Analysis of chemotherapy sensitivity
We predicted the sensitivity of each CRC sample to chemotherapy using the Genomics of Drug Sensitivity in Cancer (GDSC) database [
50] (
https://www.cancerrxgene.org/) and the R package “pRRophetic” [
51]. We screened drugs using Spearman’s analysis to evaluate correlations between the IC
50 values and risk scores of various medicines.
Tumor mutational burden (TMB) analysis
We analyzed TCGA mutation annotation data using the "Maftool" R package [
52]. The difference in TMB between the two risk groups was assessed. In addition, waterfall plots were generated to visualize mutations in the 30 genes that were most frequently different between the low- and high-risk groups. After performing SubMap analysis, the results were visualized with the “complexHeatmap” R package [
53].
Cell communication analysis
The CellPhoneDB database [
54] (version 4.0) was used to examine ligand‒receptor interactions by analyzing the single-cell expression patterns of relevant molecules. Additionally, separate analyses of differences in cell communication between the high-risk and low-risk groups were conducted.
Random survival forest (RSF) analysis
The RSF algorithm was applied to assess the significance of associated genes via the R software “randomForestSRC” [
55]. This algorithm involved 1000 iterations with Monte Carlo simulation (
n rep = 1000). Genes that had a relative relevance greater than 0.3 were selected for inclusion in the final signature.
Clinical specimens and immunohistochemistry (IHC)
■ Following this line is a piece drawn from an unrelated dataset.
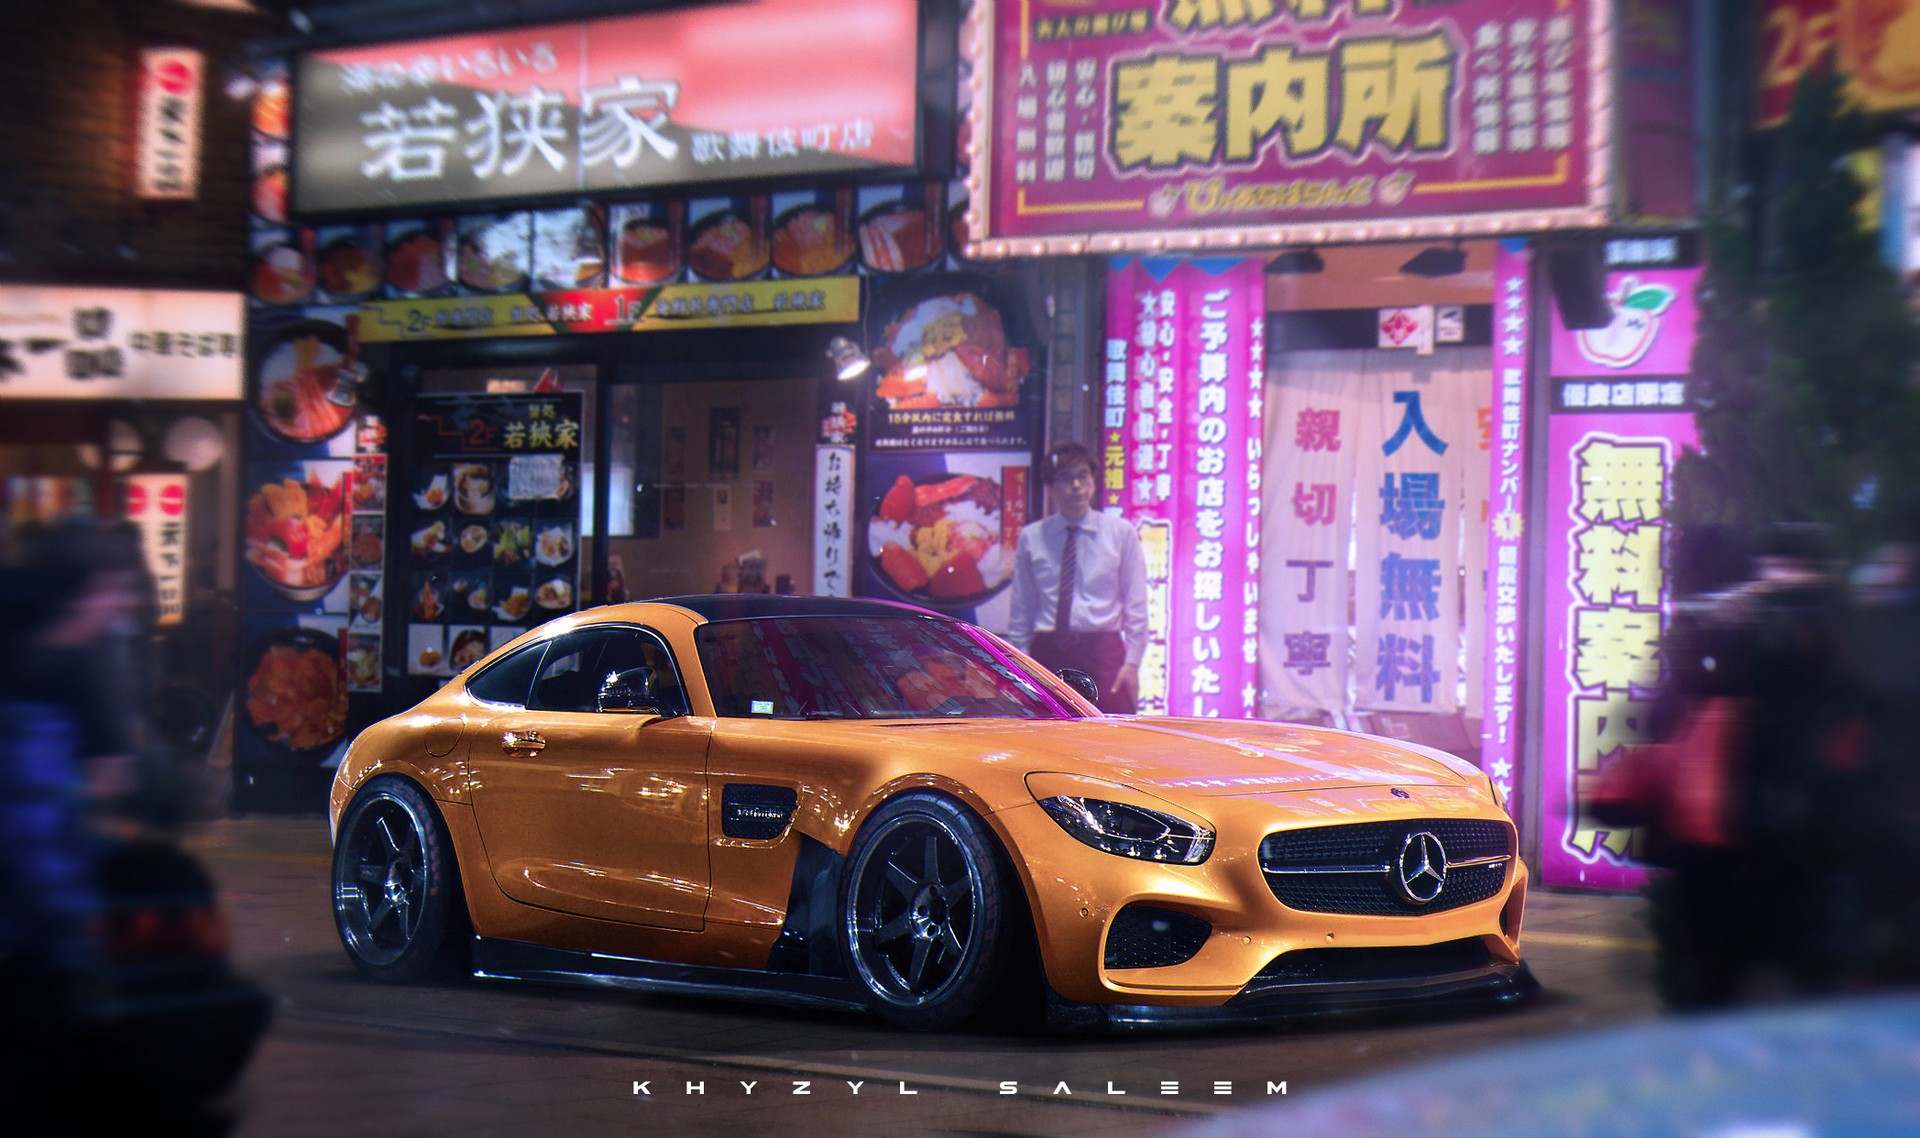 Car Mercedes Benz AMG GT Mercedes AMG Render Artwork Tokyo Japan

The harvested specimens were stored in a solution specifically designed for preserving tissues (Miltenyi Biotec, catalog number 130–100-008) from February 2020 to February 2023 from CRC patients in the First People's Hospital of Foshan. All the specimens were cut into pieces that were approximately 1 mm × 1 mm in size and incubated in preheated digestion solution with an enzyme mixture (Sigma‒Aldrich) at 37 °C for 30 min. The tissue samples were fixed, paraffin-embedded, dewaxed, rehydrated, and subjected to antigen retrieval. The samples were stained with primary antibodies at 4 °C overnight and then incubated with a suitable secondary antibody for 30 min at 37 °C. Next, the samples were visualized using DAB solution. Finally, images were captured using an optical microscope. Quantitative analysis was performed on five representative images at a magnification of 40 × using ImageJ software.
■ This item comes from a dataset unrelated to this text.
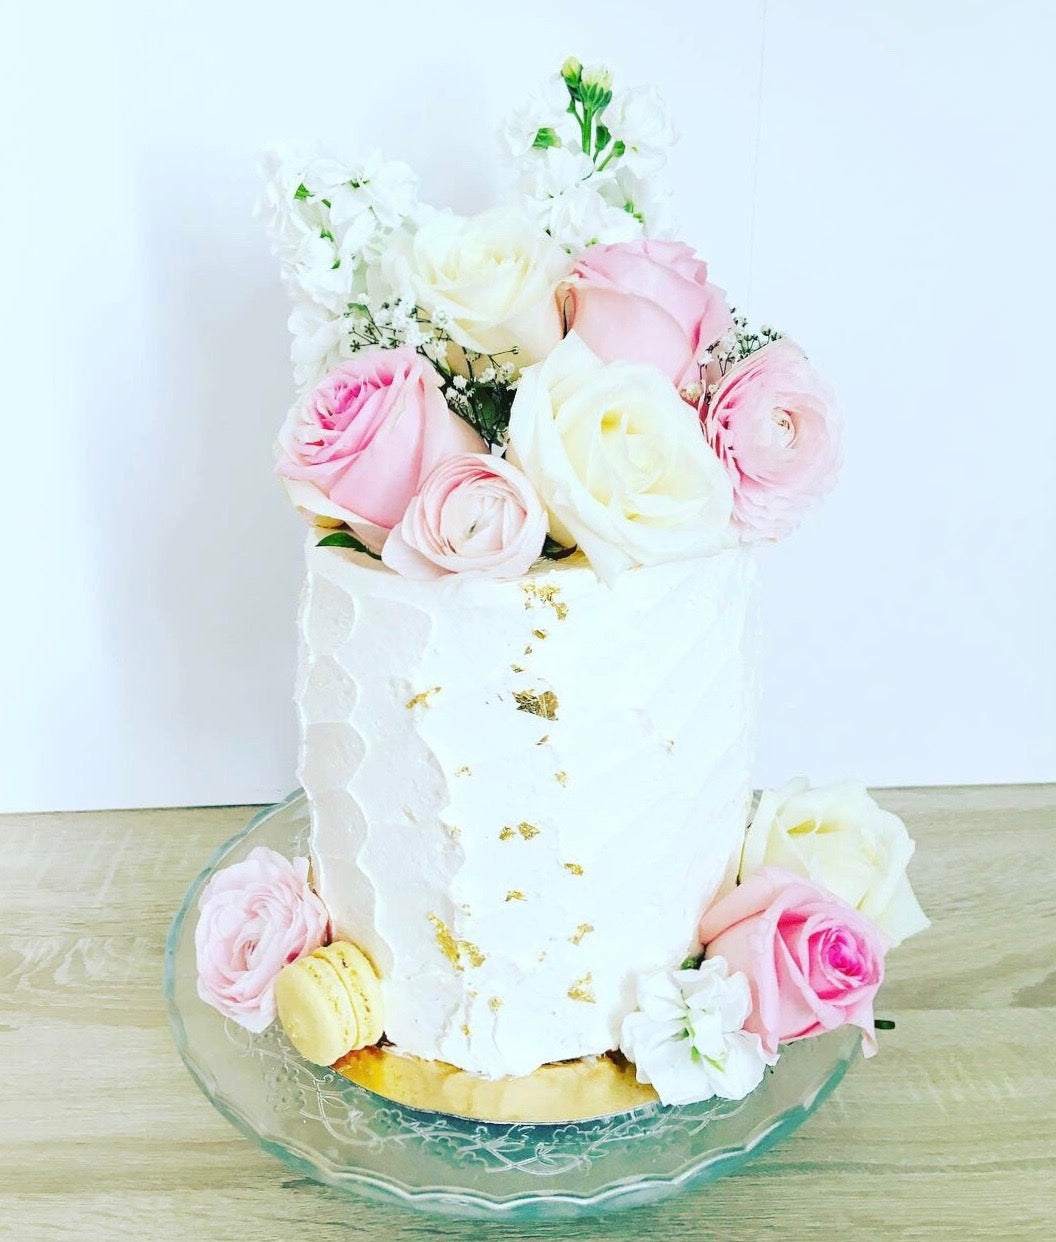 Layer cake "Bouquet de fleurs" 25 personnes
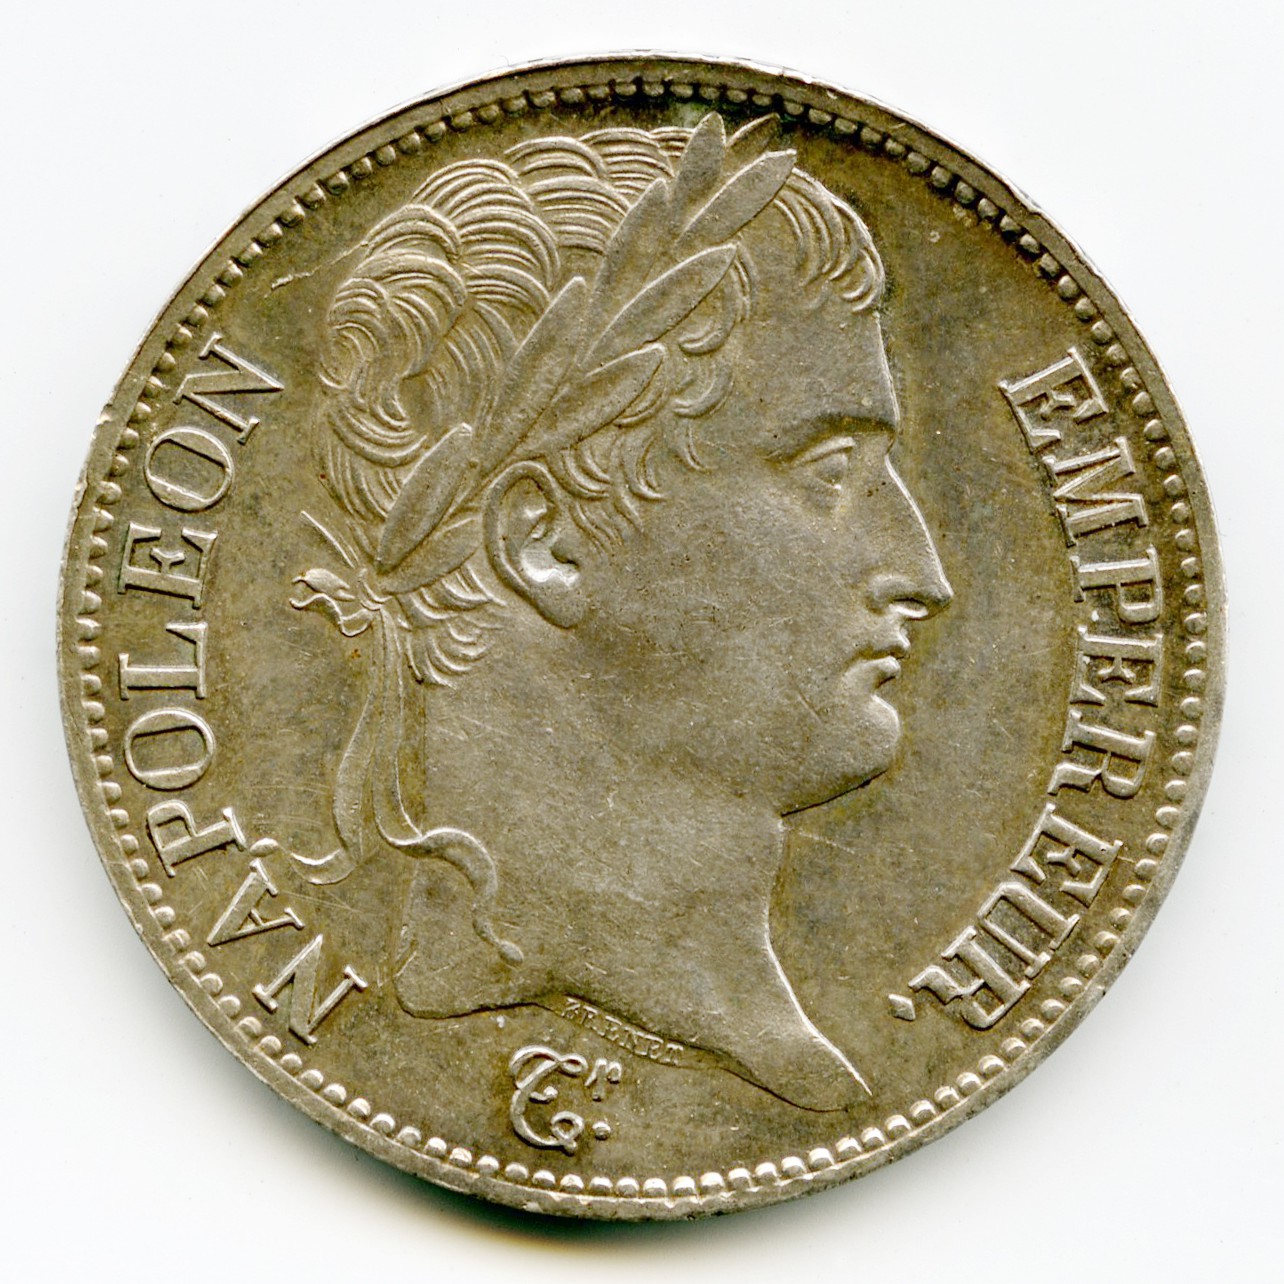 Napoléon Ier - 5 Francs - 1810 - Paris avers

Cell culture and transfection
The NCM460, LoVo, HCT-116, and SW620 cell lines were acquired from the Shanghai Cell Bank of the Chinese Academy of Sciences (Shanghai, China). The cells were cultivated in DMEM medium with 10% FBS (Life Technologies, USA) and penicillin (100 U/mL) and streptomycin (100 U/mL) in a humidified environment at 37 °C with 5% CO
2. A scrambled shRNA and TRIP6 shRNA were purchased from GeneChem (Shanghai, China). The transfections were performed using Lipofectamine 3000 (Invitrogen, Carlsbad, CA) according to the manufacturer’s instructions [
56].
Western blotting analysis
Western blotting assays were conducted using a previously published protocol [
57]. Total proteins were extracted from CRC samples with RIPA buffer (Thermo Fisher Scientific, USA). The protein concentrations were measured with a BCA assay kit (Thermo Fisher Scientific, USA). An equivalent amount of protein from each sample was separated using SDS‒PAGE. Then, the proteins were transferred to polyvinylidene membranes (Millipore; Burlington, MA, USA). The membranes were blocked with Tris-buffered saline-0.1% Tween-20 (TTBS) supplemented with 5% skim milk for 2 h at 25 °C. The membranes were then incubated at 4 °C overnight with the following primary antibodies at the indicated dilutions: anti-CYP2W1 (1:500, PA5-101315, Invitrogen), anti-GDE1 (1:1000, PA5-43012, Invitrogen), anti-PTPN6 (1:1000, ab124942, Abcam), anti-PTTG1IP (1:500, ab128040, Abcam), anti-SEC61G (1:500, PA5-21384, Invitrogen), and anti-TRIP6 (1:500, ab137478, Abcam) antibodies. Next, the membranes were incubated with a secondary antibody, anti-rabbit IgG-horseradish peroxidase conjugate (1:4000; Cell Signaling Technology) for 1 h at 25 °C. The expression levels of the target proteins were detected using an ECL kit (Bio-Rad, USA) and analyzed via ImageJ software ((NIH V1.8.0.112, USA).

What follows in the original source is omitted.